Tuesday, March 07, 2017

Strauss: Ein Heldenleben, Op 40; Don Juan, Op 20

classicalear.co.uk
Andrew Achenbach
7.03.2017


Phrases are shaped, inner voices probed and details sifted with unfailing imagination, innate good taste and gratifying sensitivity, and there are many uncommonly fine solo contributions to admire throughout.
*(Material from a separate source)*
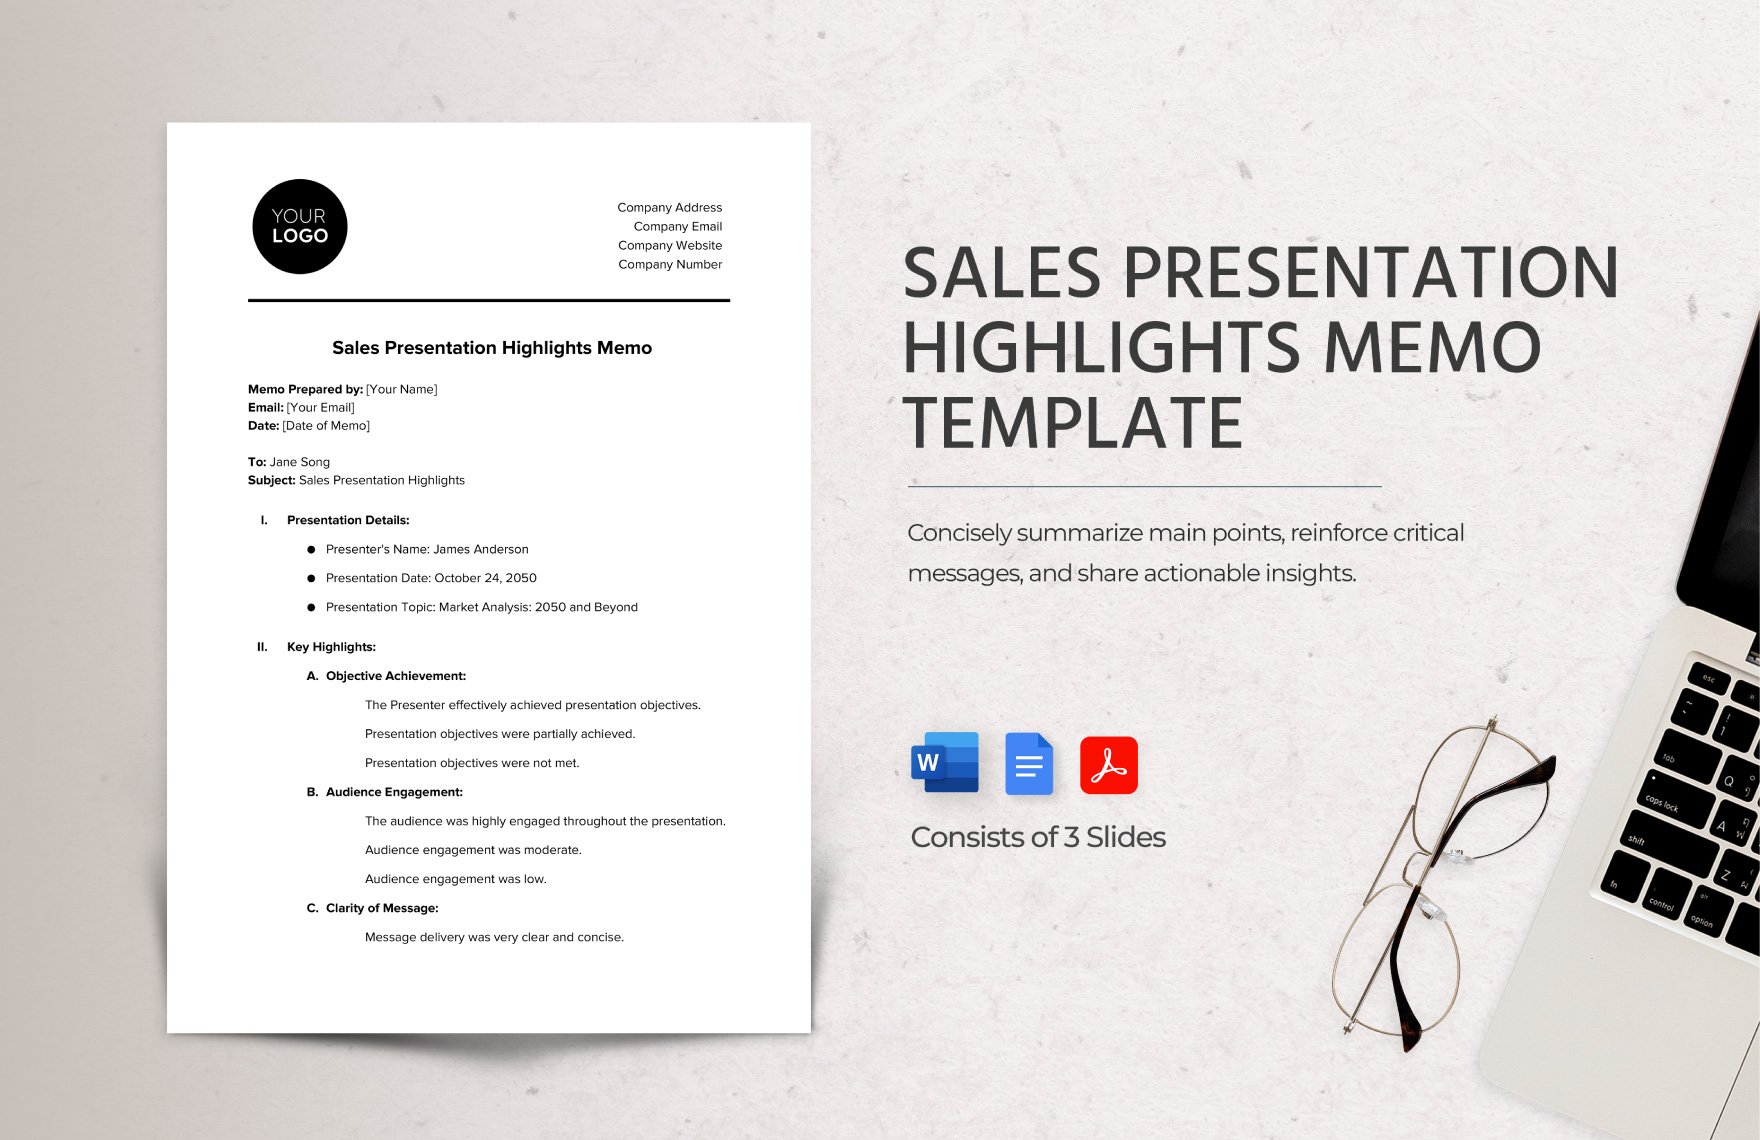 Sales Presentation Highlights Memo Template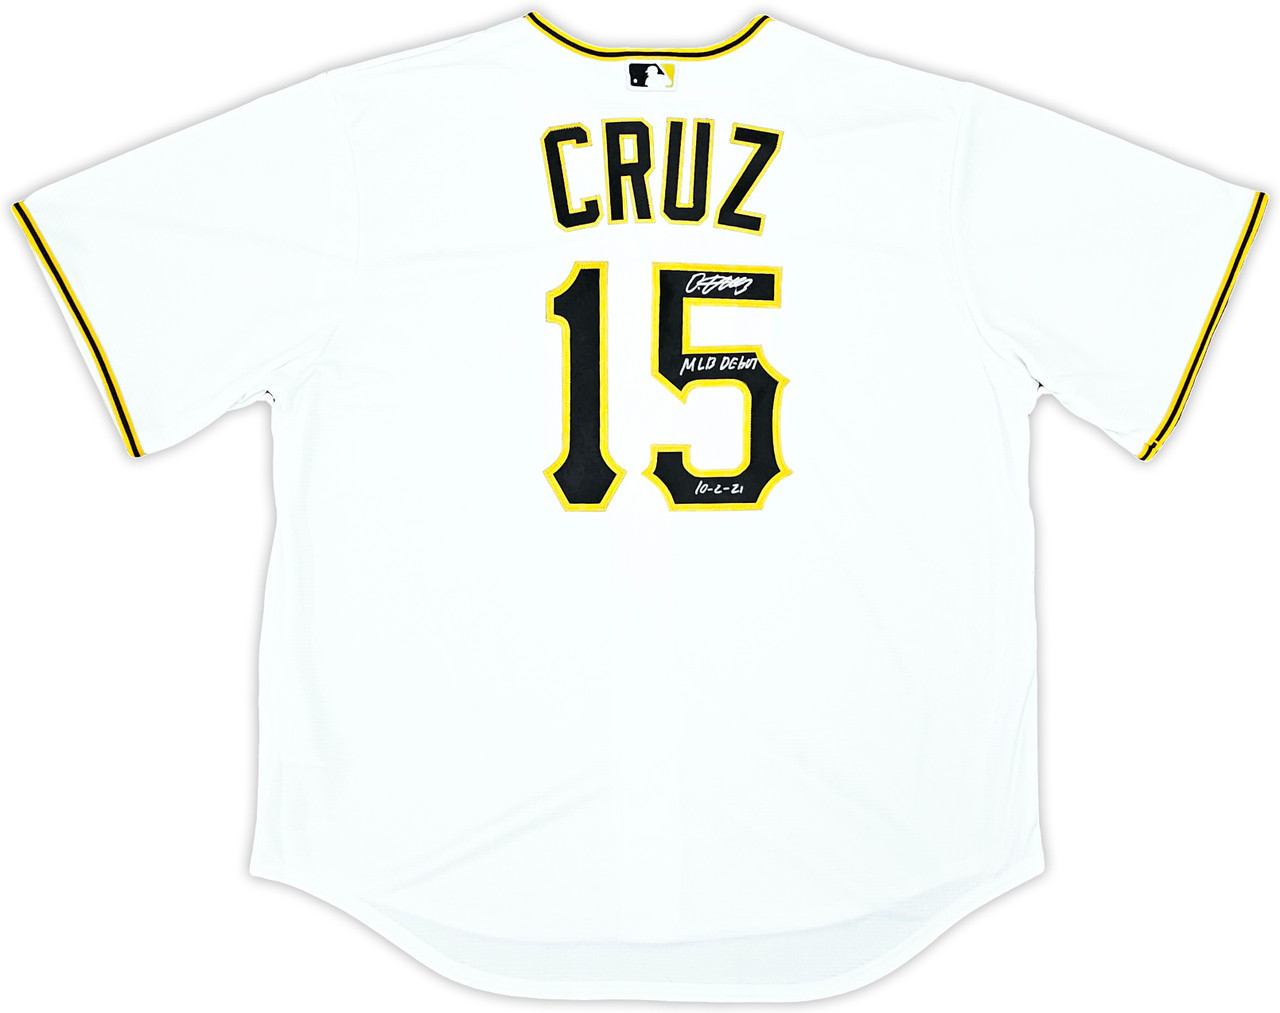 Pittsburgh Pirates Oneil Cruz Autographed White Nike Jersey Size XL MLB  Debut 10-2-21 Beckett BAS QR Stock #220603

Paavo Järvi's new Richard Strauss series for RCA with the NHK Symphony Orchestra is launched in handsome style with a ripely engineered Don Juan (excellent, biting timps at the outset) that lacks nothing in shapely poise, voluptuous allure (marvellous work from the principal oboe in the reflective central episode) or giddy swagger. Indeed, both here and in the nobly unforced and enviably purposeful account of Ein Heldenleben which follows, one is reminded (as the conductor himself shrewdly observes in the booklet) that the Tokyo orchestra have performed this repertoire many times under the guest leadership of such distinguished Straussians as Wolfgang Sawallisch, Horst Stein and Otmar Suitner. Järvi and his scrupulously prepared band bring genuine dedication, intoxicating sweep and infectious spirit to Strauss's ambitious canvas. Phrases are shaped, inner voices probed and details sifted with unfailing imagination, innate good taste and gratifying sensitivity, and there are many uncommonly fine solo contributions to admire throughout, not least from concertmaster Fuminori Maro Shinozaki in the role of the composer's wife, Pauline. Altogether most rewarding music-making, then, excitingly captured on the wing from two concerts in Tokyo's Suntory Hall during February 2015.